Wednesday, 14 November 2007

Bariatric surgery

I'm well behind with news, but then I remember that not everything can go in this blog. Can it be true that some of my life is of no interest whatever, to anyone? So more slash and burn in the garden, the trip to the tip to get rid of the evidence: garden waste, old shoes, radios, cat food (don't ask) and hoovers, Mr A's accounts, playing squash, badminton, the arrival of loads of classical music CDs ordered from Germany - who cares? Apart from me, that is.

At school there has been much learning activity, and one day this week started at 9am and ended after 6pm. Add the extra hour at each end for driving and it's almost as long as most days I used to work, back in those almost-forgotten days of full employment. I was exhausted! I'm looking forward to a night out in Birmingham catching up with ex-colleagues in a couple of weeks when my coursework deadlines are less pressing.

The most interesting classes recently have been around the Dietetics module. We do very little about actual nutrition this year; it's mostly about getting us all up to speed with basic biology and biochemistry. But in Dietetics the group is relatively small, and sometimes we get to discuss rather than absorb what's being pushed at us from the front. One of the lecturers has returned to full time practice in a hospital, but before she went, she told us about her work in bariatric surgery - the 'stomach stapling' or 'gastric banding' surgery that you read about in lurid detail in shiny magazines between stories about WAGs and TV 'celebrities'.

There are government-led guidelines, laid down by NICE - the National Institute for Health and Clinical Excellence - about who can receive gastric surgery on the NHS, free of charge. To qualify as a prospective patient, as well has having a body mass index (BMI) of 40 or above, "all appropriate non-surgical measures have been tried but have failed to achieve or maintain adequate, clinically beneficial weight loss for at least 6 months." Nothing needs to have been tried previously if BMI is 50 or above.

This is all fine as far as it goes. I don't have a problem with surgery to help weight loss per se. I was concerned to hear that the pre-surgery appointment with the dietitian is only 30 minutes... but my real question was whether the 'appropriate non-surgical measures' included psychological help, or counselling, or therapy. No, they don't. We were told that "there aren't enough places where such therapy could be delivered anyway".

This has seriously blown my mind. No counselling or therapy available, before spending a fortune on an irreversible surgical operation, with all the associated risks during and after the procedure, for people who must clearly be desperate to lose weight, and haven't succeeded before? Aren't we treating symptoms here, rather than the cause?

Nobody would suggest that someone who compulsively cuts himself or herself should undergo irreversible and risky surgery to graft a cut-proof teflon skin onto their body to prevent self-harm. Much more likely is a referral to a psychiatrist, or psychologist, or psychotherapist, or someone who can help with sorting out the reason for the behaviour. Why isn't morbid obesity classed as self-harm, and given appropriate priority and resources, and suitable treatment?
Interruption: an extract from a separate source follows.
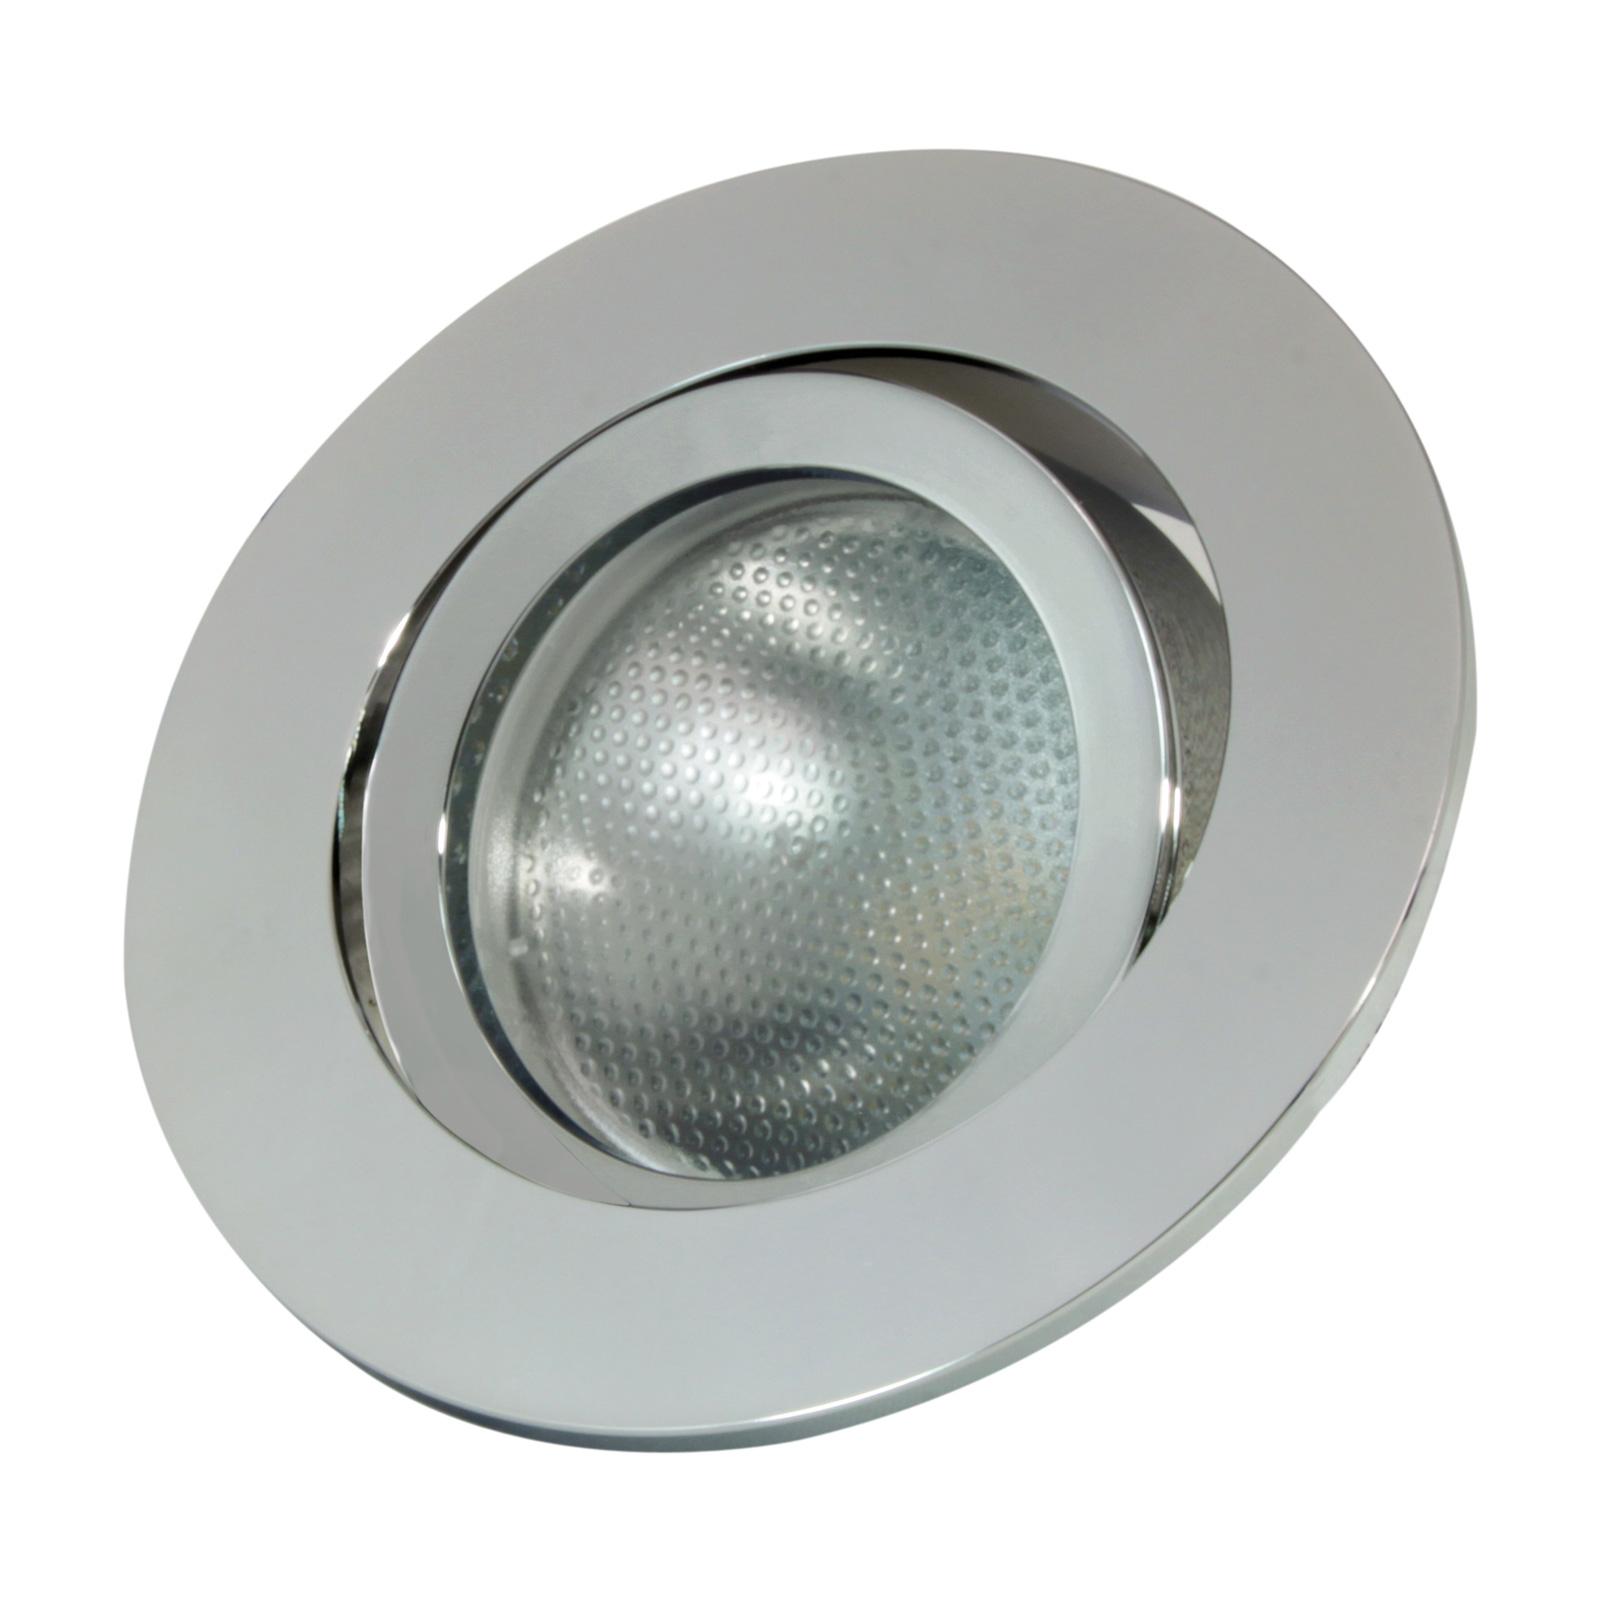 LED-Einbauring Decoclic GU10/GU5.3, rund, silber

Yesterday I listened to a Radio 4 podcast (how I love them) about Chronic Fatigue Syndrome/ME (that's the official classification, I learned). Not too long ago, there was some debate whether this was real, physical or psychological, or just malingering. NICE officially recognises this condition now, and recommends onward referral to specialist provision under certain circumstances. The specialist in the broadcast (who works with children) was very pleased with this, because she said that very little provision exists, and the NICE guidelines provide a lever that she can use to approach NHS Trusts or whoever, to get funding for more.
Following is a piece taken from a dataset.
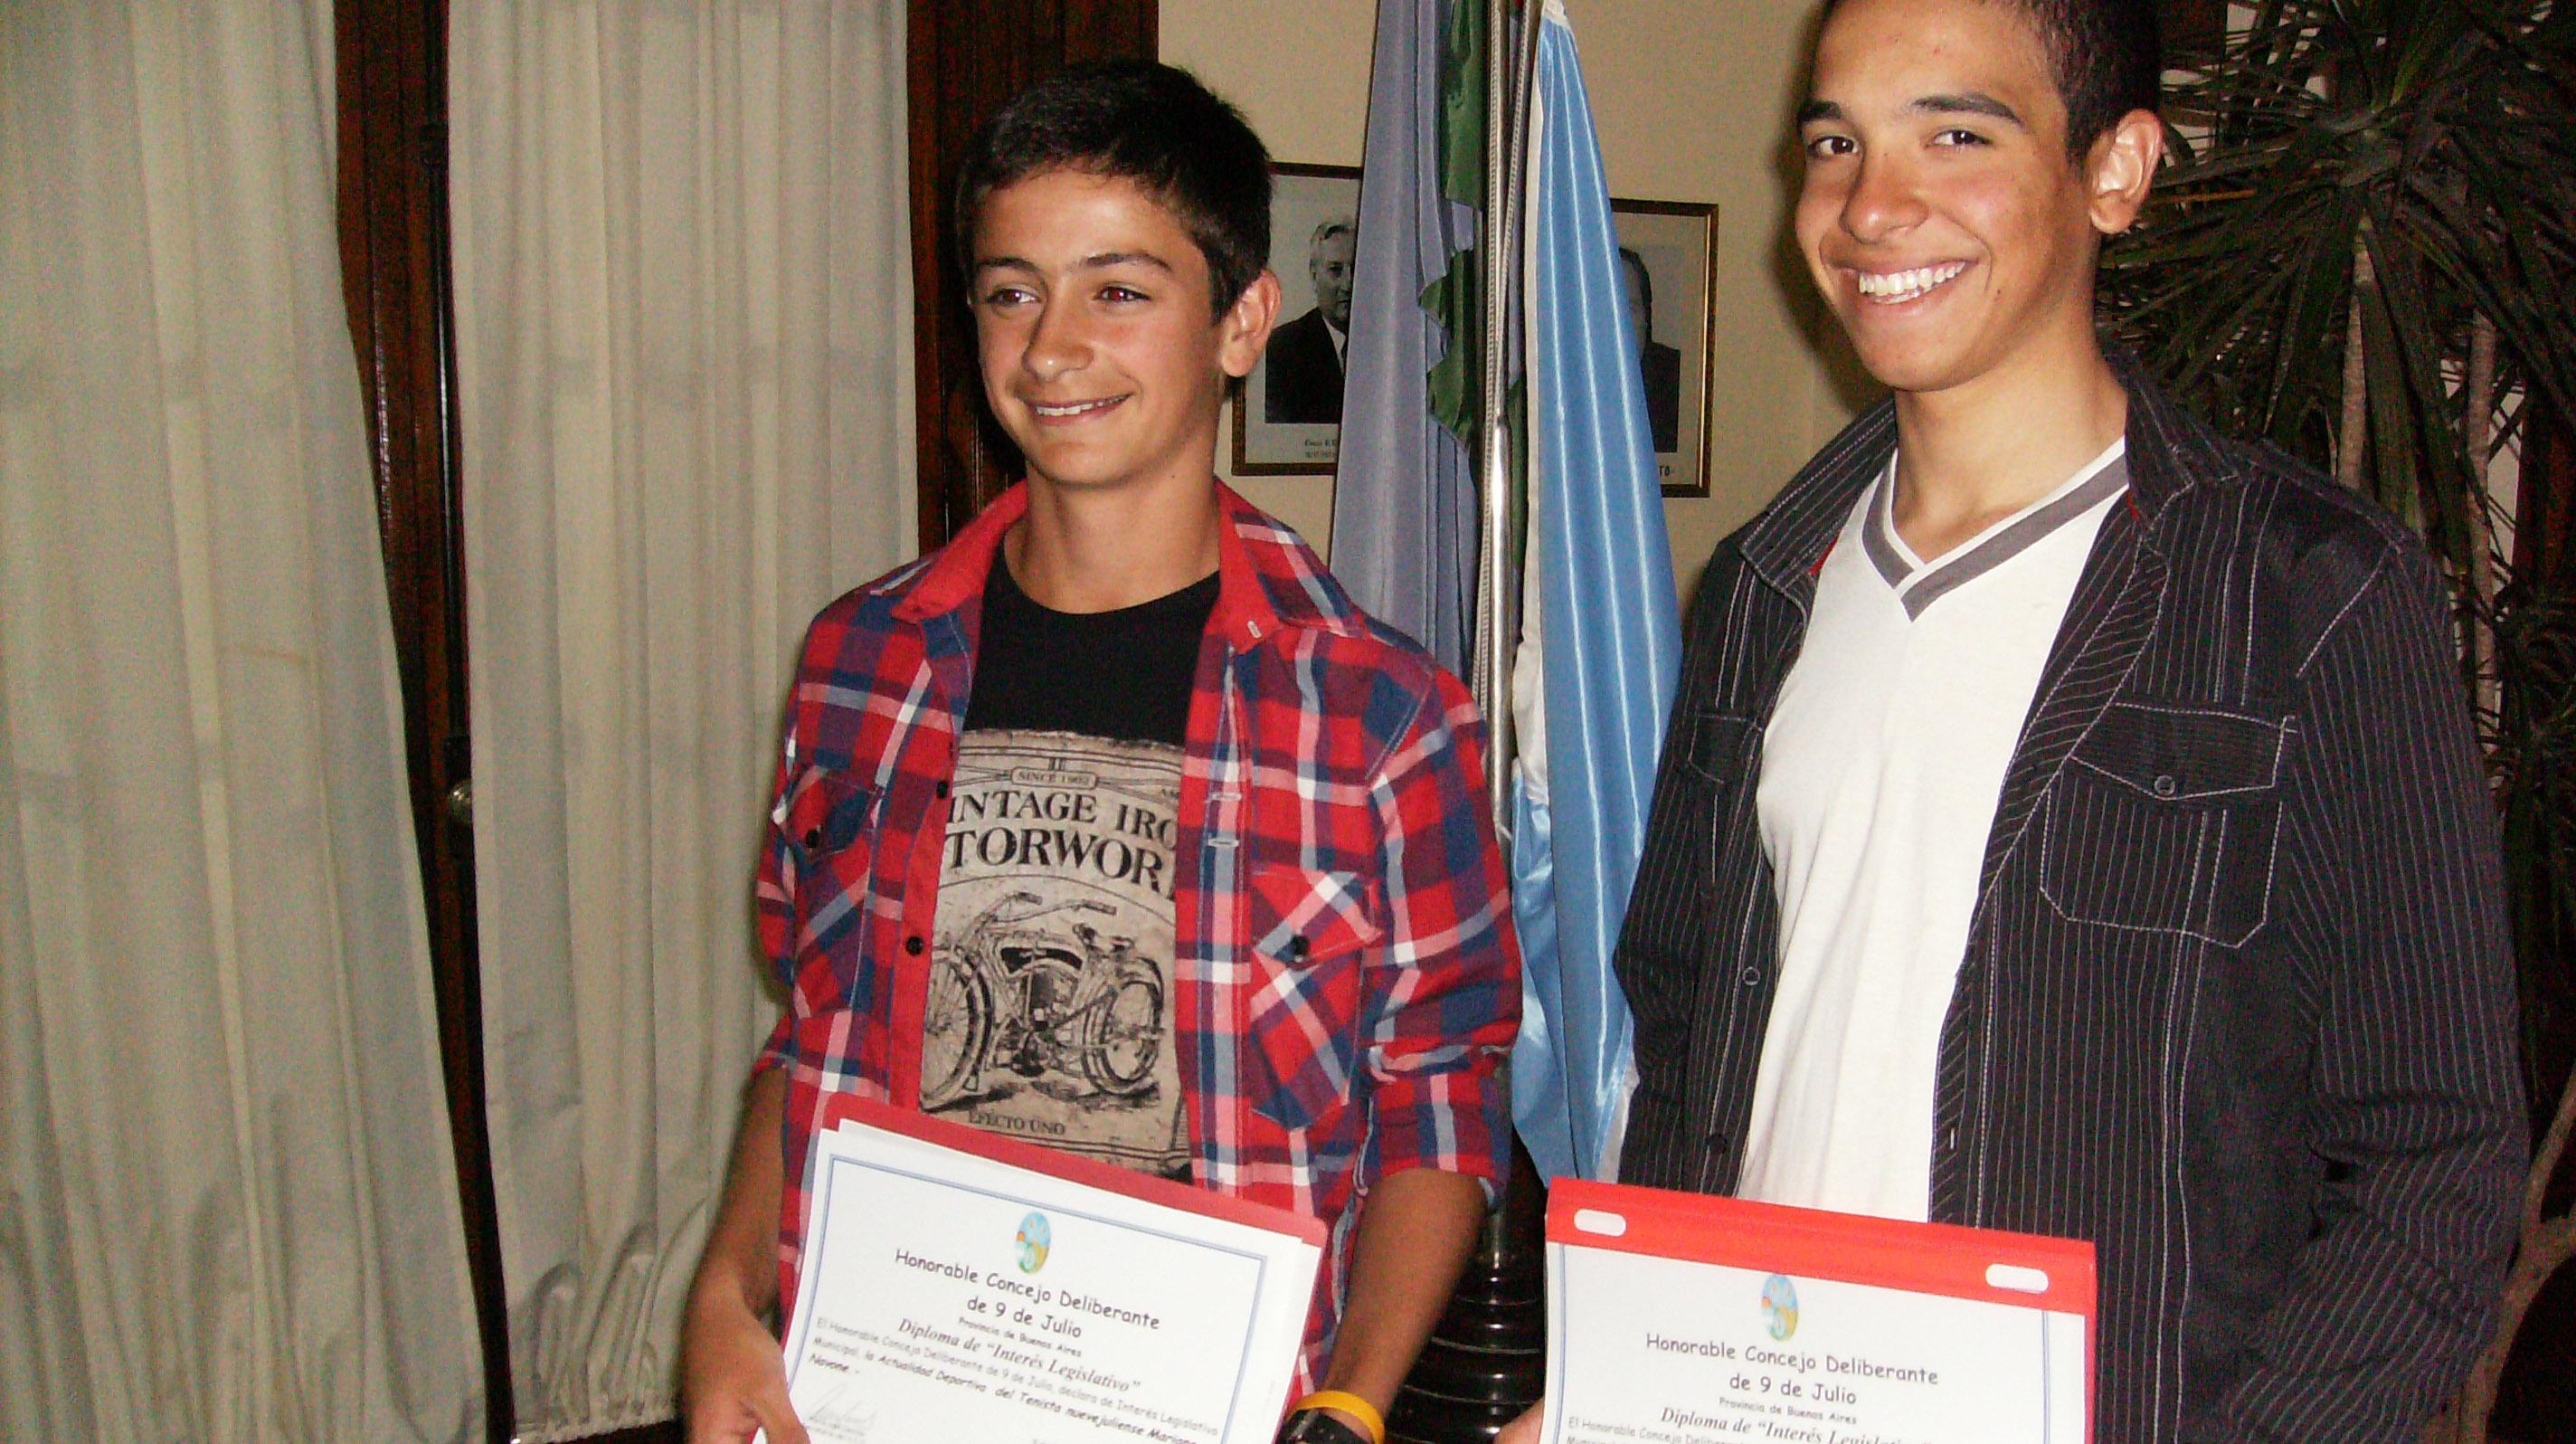 Los concejales homenajearon al tenista Navone, al ciclista Martínez y a Manhala

So perhaps that's what needs to happen for bariatric surgery. Clearly I'm not in any position to influence the situation, and perhaps I've got it all wrong anyway. What do I know after less than two months at university? It really brought me down to earth - dietitians aren't the paragons of virtue that I'd hoped; the situation is imperfect; people get what they get. I have no idea whether I'm even going to be involved in diet for weight loss in later life, but if I do, I hope this is something I'll be coming back to with a vengeance.